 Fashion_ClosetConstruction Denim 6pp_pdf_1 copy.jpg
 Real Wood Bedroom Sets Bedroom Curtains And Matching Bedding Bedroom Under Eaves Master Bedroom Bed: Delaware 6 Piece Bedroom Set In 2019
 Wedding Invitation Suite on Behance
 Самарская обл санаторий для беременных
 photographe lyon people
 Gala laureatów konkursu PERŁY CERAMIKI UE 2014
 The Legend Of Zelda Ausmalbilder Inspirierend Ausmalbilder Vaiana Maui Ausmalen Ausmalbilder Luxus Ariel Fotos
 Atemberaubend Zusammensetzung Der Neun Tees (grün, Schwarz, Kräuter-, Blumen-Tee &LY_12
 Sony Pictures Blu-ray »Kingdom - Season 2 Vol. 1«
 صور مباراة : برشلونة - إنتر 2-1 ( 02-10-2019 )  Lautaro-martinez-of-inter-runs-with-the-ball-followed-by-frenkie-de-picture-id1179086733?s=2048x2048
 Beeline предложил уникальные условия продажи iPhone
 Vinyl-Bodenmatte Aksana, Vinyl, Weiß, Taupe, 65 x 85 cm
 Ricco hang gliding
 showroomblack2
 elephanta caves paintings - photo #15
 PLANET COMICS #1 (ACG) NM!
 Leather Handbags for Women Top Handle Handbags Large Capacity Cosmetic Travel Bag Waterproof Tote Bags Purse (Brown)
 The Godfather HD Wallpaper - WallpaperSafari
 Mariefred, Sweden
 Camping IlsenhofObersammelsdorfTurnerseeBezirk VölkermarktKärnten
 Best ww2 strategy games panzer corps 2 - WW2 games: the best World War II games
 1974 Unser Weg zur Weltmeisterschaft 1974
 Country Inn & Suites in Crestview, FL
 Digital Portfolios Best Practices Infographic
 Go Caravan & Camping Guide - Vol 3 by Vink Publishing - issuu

TO DO >> What lines of the material above contain "Best"? Return each of them.

OUTPUT >>
 Best ww2 strategy games panzer corps 2 - WW2 games: the best World War II games
 Digital Portfolios Best Practices Infographic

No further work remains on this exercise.